“I ain’t exactly deserting, I cal’late. If I’d been able to pitch into that crew and shake the devil out of ’em, I’d stayed on deck. But–––”
“I want you to go back with me. It’s getting too funny to miss!”
“I ain’t got much hankering for them officers’ meeting, Beth. It makes me feel like busting chairs on their heads.”
“But you must go back! You should hear what he is saying to them. Come!”
Before the seaman could obey the summons, 41 Miss Edna Splinter emerged from the rear door. She hurried toward the two. Miss Splinter was one of those fine spinsters which one so often finds stranded in small villages located near large cities. She was one of the few friends of the Captain in Little River.

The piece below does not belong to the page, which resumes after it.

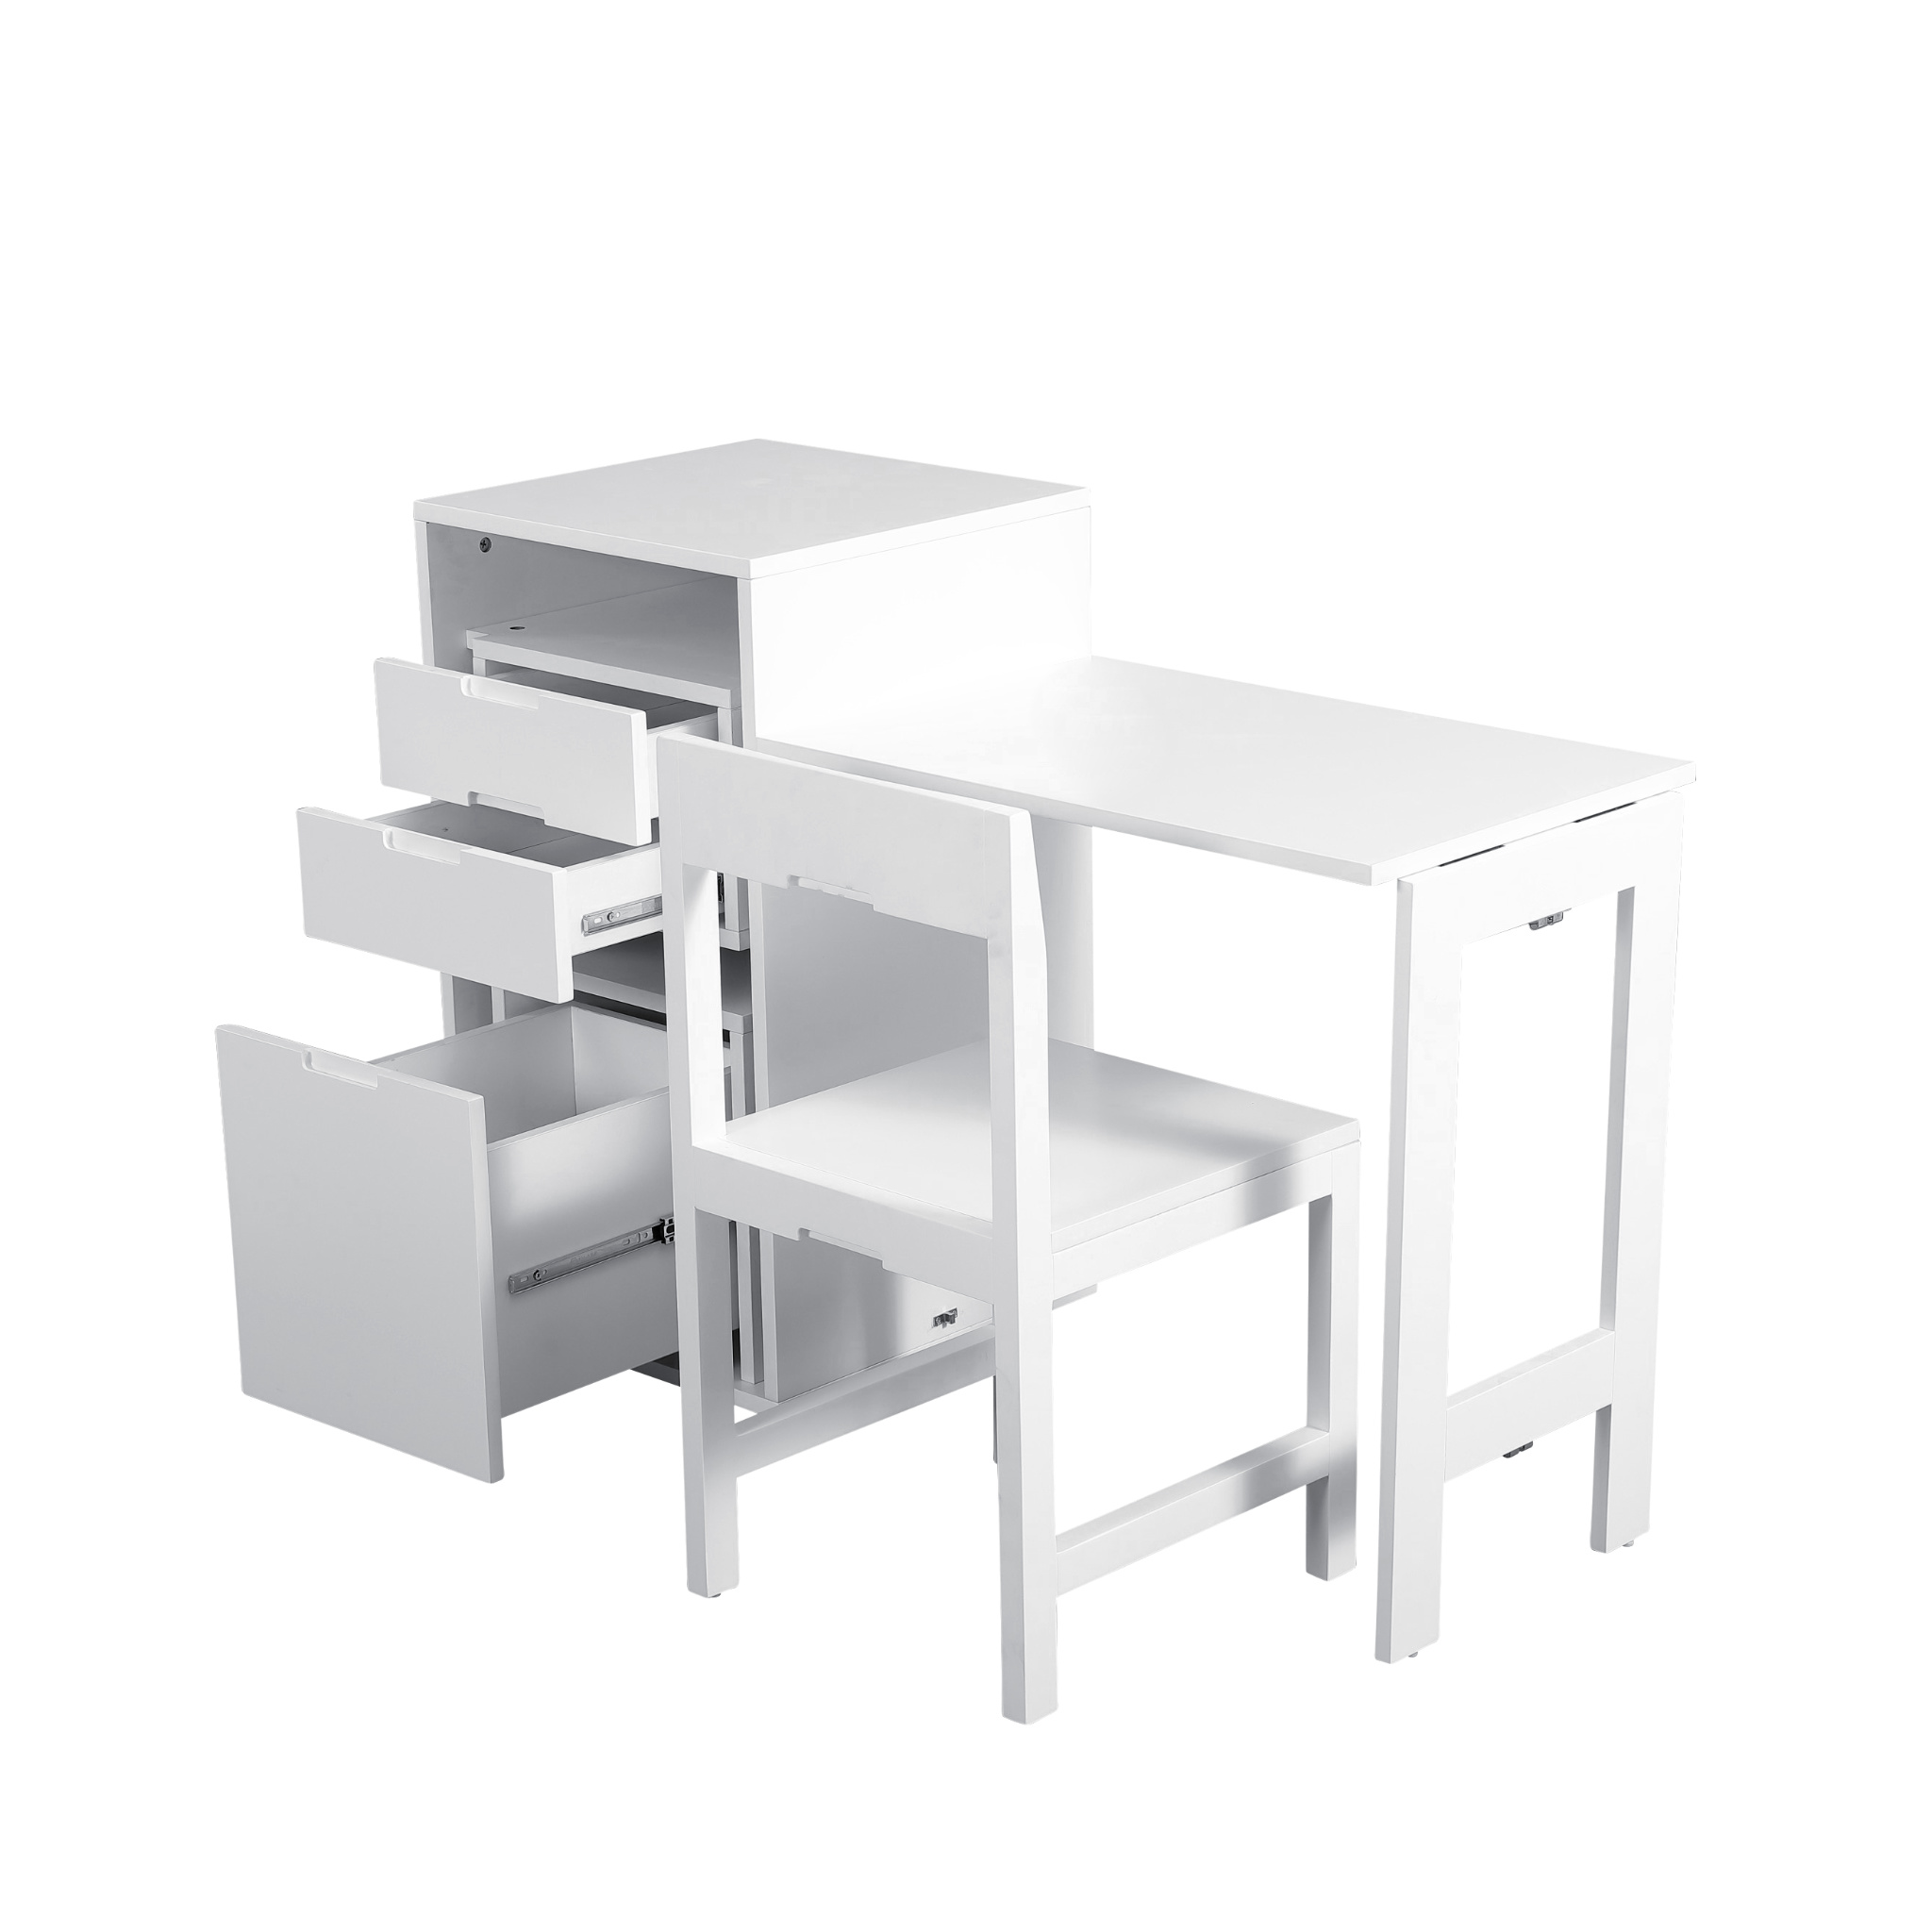 https://expandfurniture.com/wp-content/uploads/2015/06/Ludovico-micro-office-open-with-hidden-chair-and-table-in-office-cabinet-White-matte.jpg

“It’s the most disgusting thing I ever saw or heard!” declared Miss Splinter, angrily stamping her foot.
“It’s really too funny for words!” exclaimed Elizabeth.
“What in tarnation is he doing to them?”
“Doing to them!” flashed Miss Splinter indignantly. “My word! It’s what they’re trying to do to him. It is positively disgraceful.”
The seaman decided that a scene which could have such opposite effects on two of his best friends must at least be interesting. He knocked the tobacco from his pipe and followed them inside. As he listened, his interest grew, not so much in the ecclesiastical storm of big words, as in the wildly gesticulating clergymen. The moderator had risen and was rapping loudly for order.